Aus atomphysi­ka­lischer Hinsicht liegt die Erklärung für dieses Verhalten auf der Hand: Jedes Atom besitzt Elektronen-Orbitale wie das 2pz-Orbital, die über und unter die Graphen-Ebene hinaus­ragen. Diese Orbitale bewirken bei Kompression eine Gegen­kraft, so dass selbst ein atom­lagen­dünner Stoff wie Graphen nicht nur entlang seiner Ebene wie ein gewöhn­licher Fest­körper auf mecha­nische Einflüsse reagiert.
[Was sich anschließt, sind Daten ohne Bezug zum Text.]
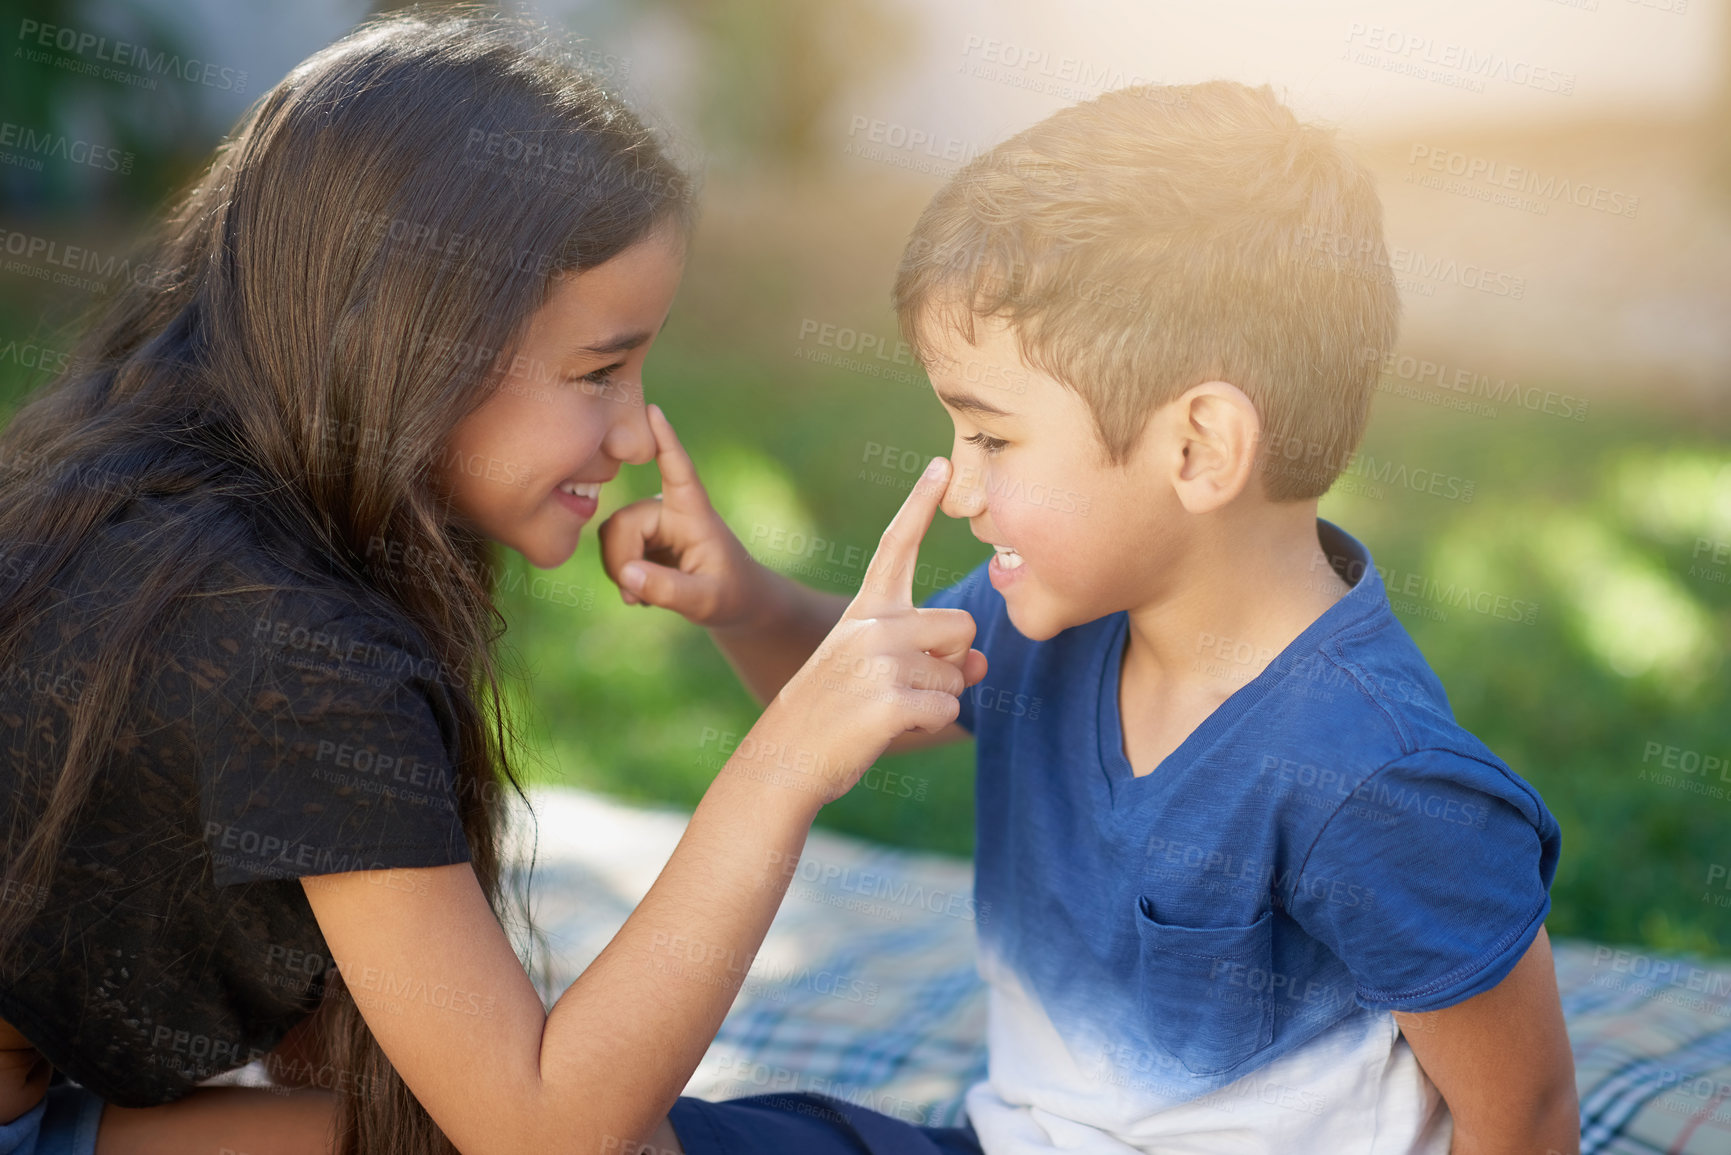 Buy stock photo Shot of a young brother and sister touching each other's noses while playing outside their home

Die mechanischen Eigen­schaften von Graphen und ähnlichen Stoffen hängen aber auch von weiteren Faktoren ab, wie etwa der Luft­feuchtig­keit. Für Anwendungen in Alltags­produkten wird es wichtig sein, dieses Verhalten abschätzen zu können. „Die Leistung eines graphen­basierten Gerätes könnte sich zwischen dem sehr feuchten Manchester in Nord­england und dem trockenen Arizona deutlich ändern“, erläutert Sun. Die Wissen­schaftler wollen diese Abhängig­keit von Umwelt­bedin­gungen bei künftigen Unter­suchungen an Graphen und Graphit genauer unter die Lupe nehmen.

Die neu entwickelte Methode lässt auch auf andere zwei­dimen­sionale Materialien anwenden. Es ist zu vermuten, dass sich die Beobach­tungen der Wissen­schaftler auch bei anderen Stoffen wieder­holen. Die gewöhn­lichen mecha­nischen Eigen­schaften drei­dimen­sio­naler Körper wie etwa Kompressions­modul sollten sich auch auf zwei­dimen­sionale Stoffe anwenden lassen. Auch die ent­sprechenden Modelle und Theorien könnten für atom­lagen­dünne Materialien Anwendung finden.